I have to write code for checking if an arithmetic expression is valid or not , in lex. I am aware that I could do this very easily using yacc but doing only in lex is not so easy.

I have written the code below, which for some reason doesn't work. Besides this, i also don't get how to handle binary operators .

My wrong code:

%{
#include <stdio.h>
/* Will be using stack to check the validity of arithetic expressions */
char stack[100];
int top = 0;
int validity =0;S
%}
operand [a-zA-Z0-9_]+

%%
  /* Will consider unary operators (++,--), binary operators(+,-,*,/,^), braces((,)) and assignment operators (=,+=,-=,*=,^=) */
"("                { stack[top++]='(';}
")"                { if(stack[top]!=')') yerror(); else top--;}
[+|"-"|*|/|^|%]    { if(stack[top]!='$') yerror(); else stack[top]=='&';}
"++"          { if(stack[top]!='$') yerror(); else top--;}
[+"-"*^%]?=        { if(top) yerror();}
operand            { if(stack[top]=='&') top--; else stack[top++]='$';}

%%

int yerror()
{
    printf("Invalid Arithmetic Expression\n");
}

Answer 1

First, learn how to write regular expressions in Flex. (Patterns, Flex manual).

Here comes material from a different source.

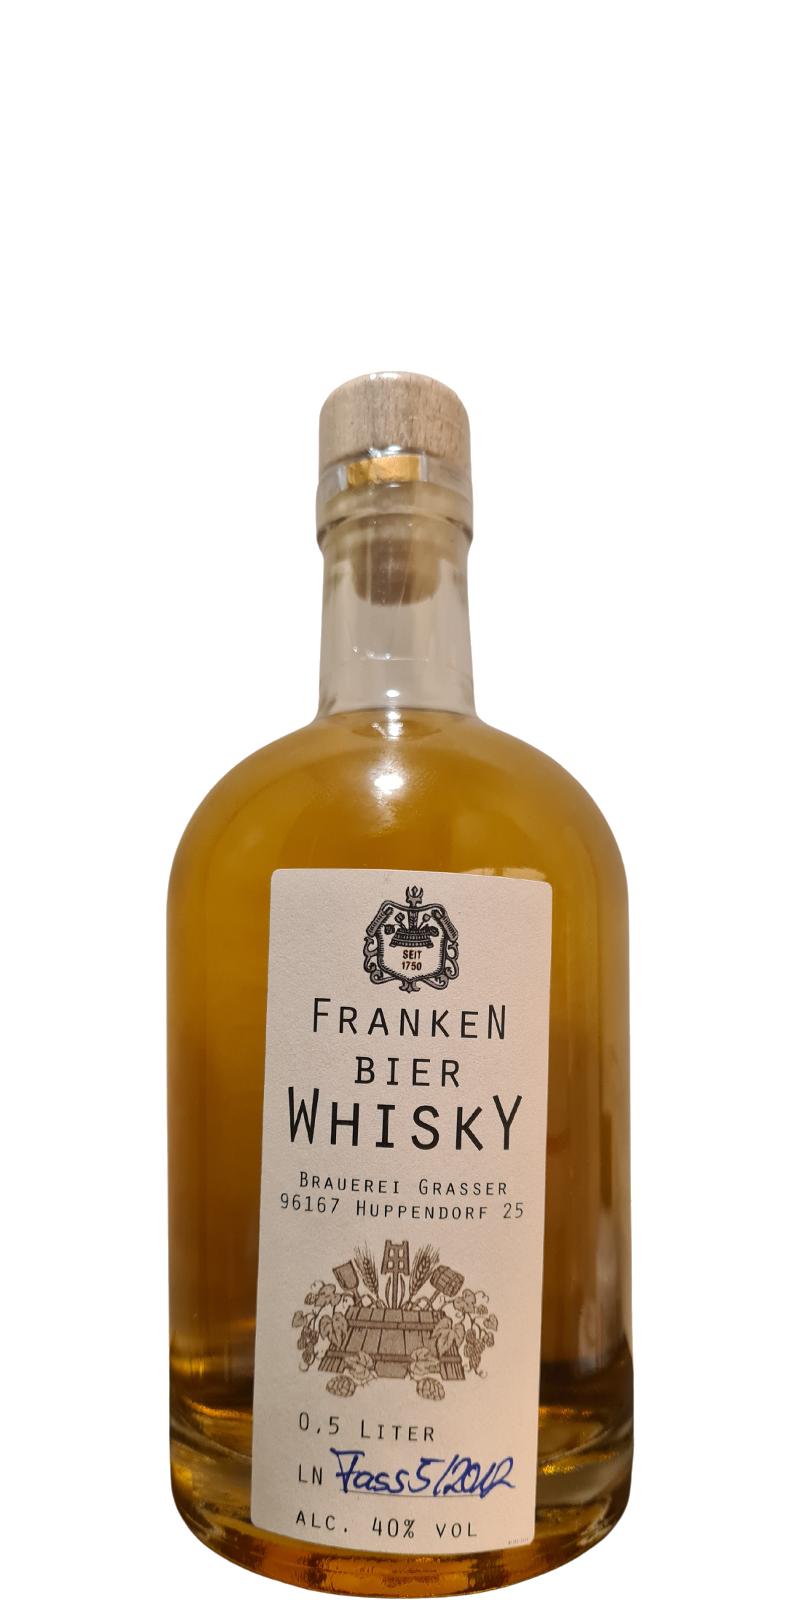 Brauerei Grasser Franken Bier Whisky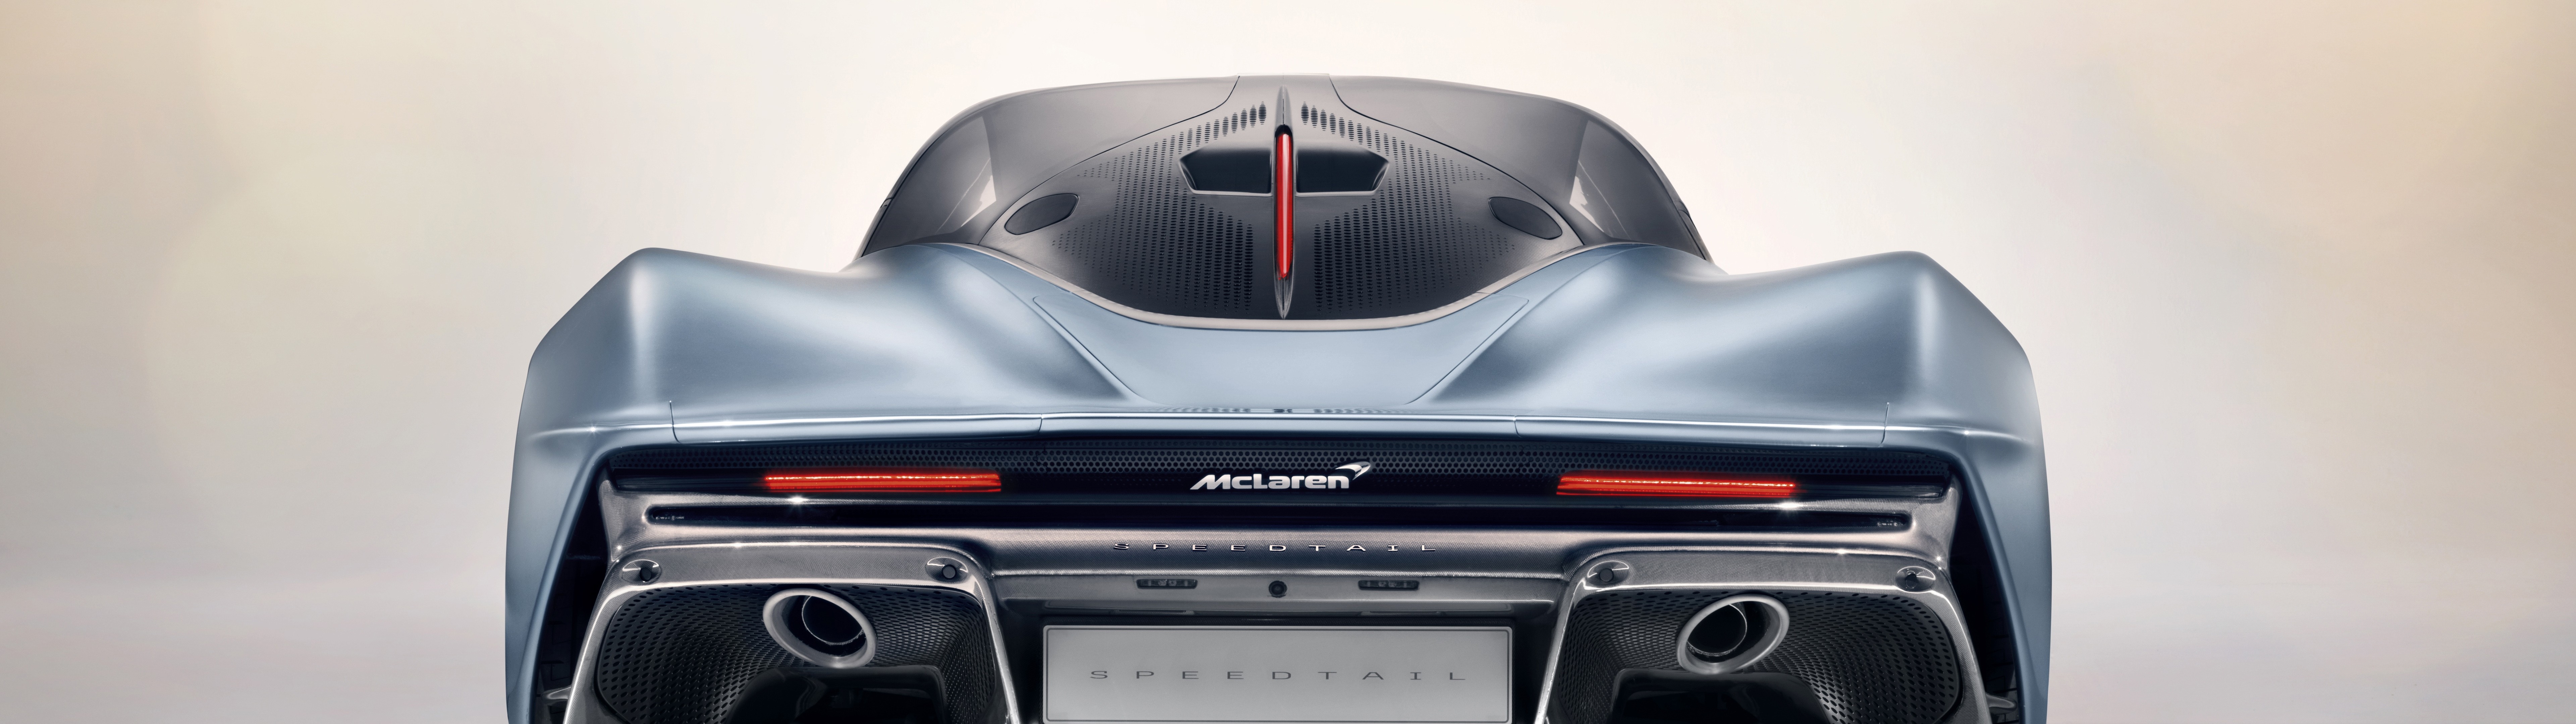 mclaren-speedtail-supercars-rear-view.jpeg

Inside a character class ([…]), neither quotes nor stars nor vertical bars are special. To include a - or a ], you can escape them with a \ or put them at the beginning of the list, or in the case of - at the end.

So in:

[+|"-"|*|/|^|%]

The | is just another character in the list, and including it five times doesn't change anything. "-" is a character range consisting only of the character ", although I suppose the intention was to include a -. Probably you wanted [-+*/^%] or [+\-*/^%].

There is no way that the flex scanner can guess that a + (for example) is a unary operator instead of a binary operator, and putting it twice in the list of rules won't do anything; the first rule will always take effect.

Finally, if you use definitions (like operand) in your patterns, you have to enclose them in braces: {operand}; otherwise, flex will interpret it as a simple keyword.

And a hint for the assignment itself: A valid unparenthesized arithmetic expression can be simplified into the regular expression:

term    {prefix-operator}*{operand}{postfix-operator}*
expr    {term}({infix-operator}{term})*

But you can't use that directly because (a) it doesn't deal with parentheses, (b) you probably need to allow whitespace, and (c) it doesn't correctly reject a+++++b because C insists on the "maximal munch" rule for lexical scans, so that is not the same as the correct expression a++ + ++b.

You can, however, translate the above regular expression into a very simple two-state state machine.